Each type of distortion is crafted to either create de-synchronization (temporal noise) or present challenges in perceptual sync (static noise) without actual desynchronization.

Generating the AVS Benchmark dataset files

To generate all the distorted files provided in the AVS Benchmark Dataset, please refer to the Distortions Generation section of this document.

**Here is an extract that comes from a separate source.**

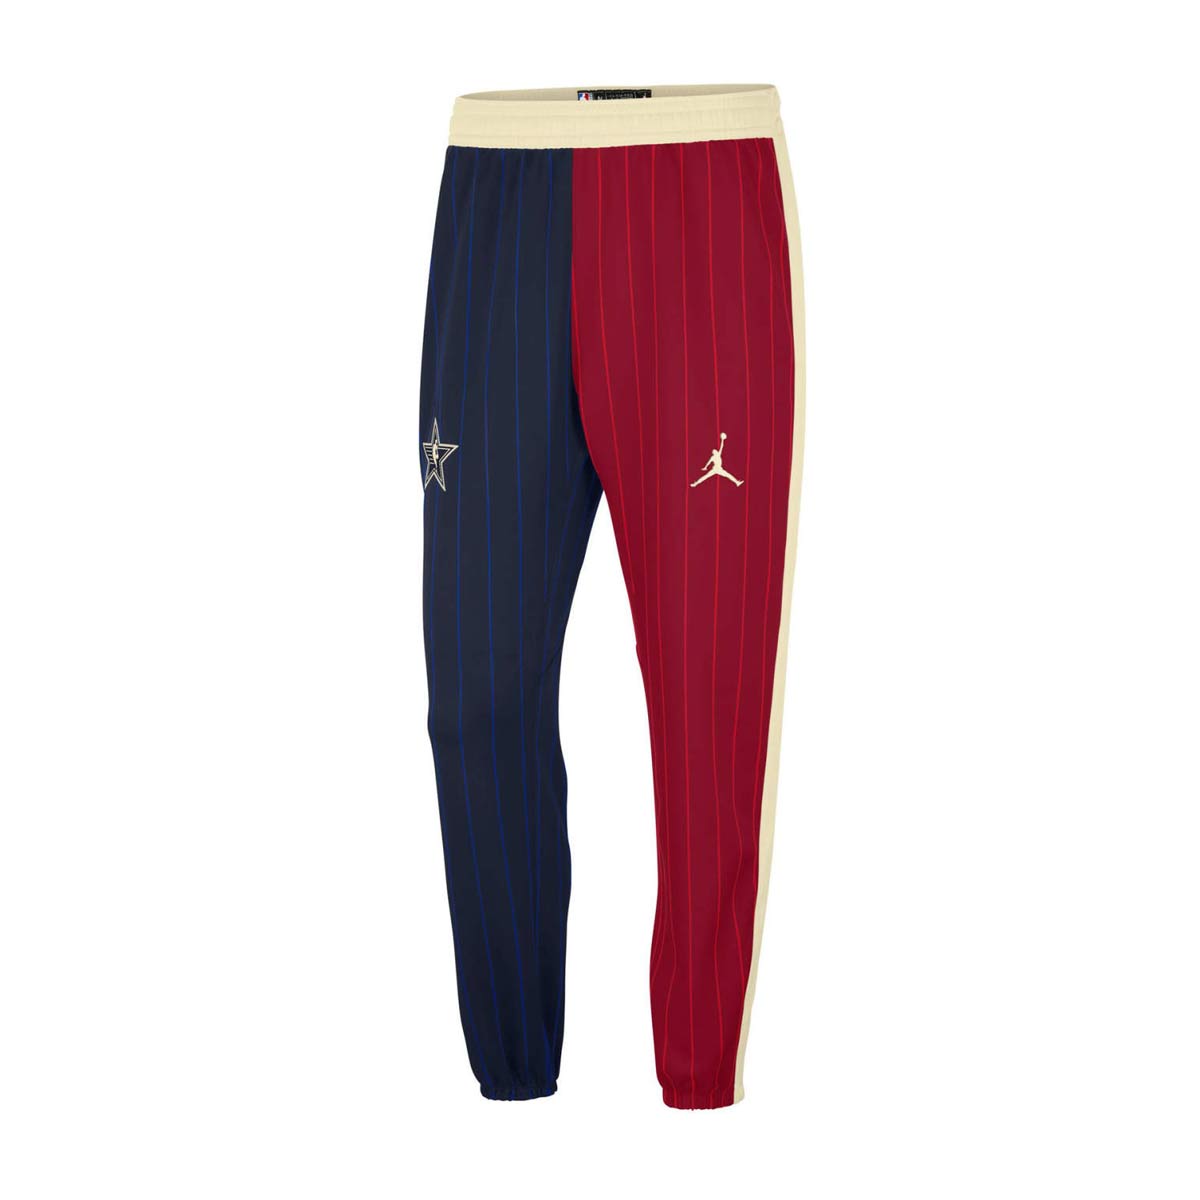 All Star Games Showtime Pant

To apply distortions to the 200 files provided in our dataset, please run the following:

python run_distortions.py --input_path ./path/to/the/original_videos --dest_path ./distorted_videos --media_type audiovisual

This code will automatically output the files for our dataset and save them in the ./distorted_videos location.

Annotation Process

The dataset avoids evaluating the quality of audio or video in isolation, focusing solely on AV sync issues. A pairwise comparison approach is employed, where annotators rate videos side-by-side based on synchronization quality. Over 60,000 pairwise ratings were collected, ensuring each video was rated at least three times for robustness.

Obtaining AVS Benchmark Annoations

The raw annotations can be directly found under Human_Annotations. Additionally, training, testing, and development splits can be found under /Human_Annotations/training_files.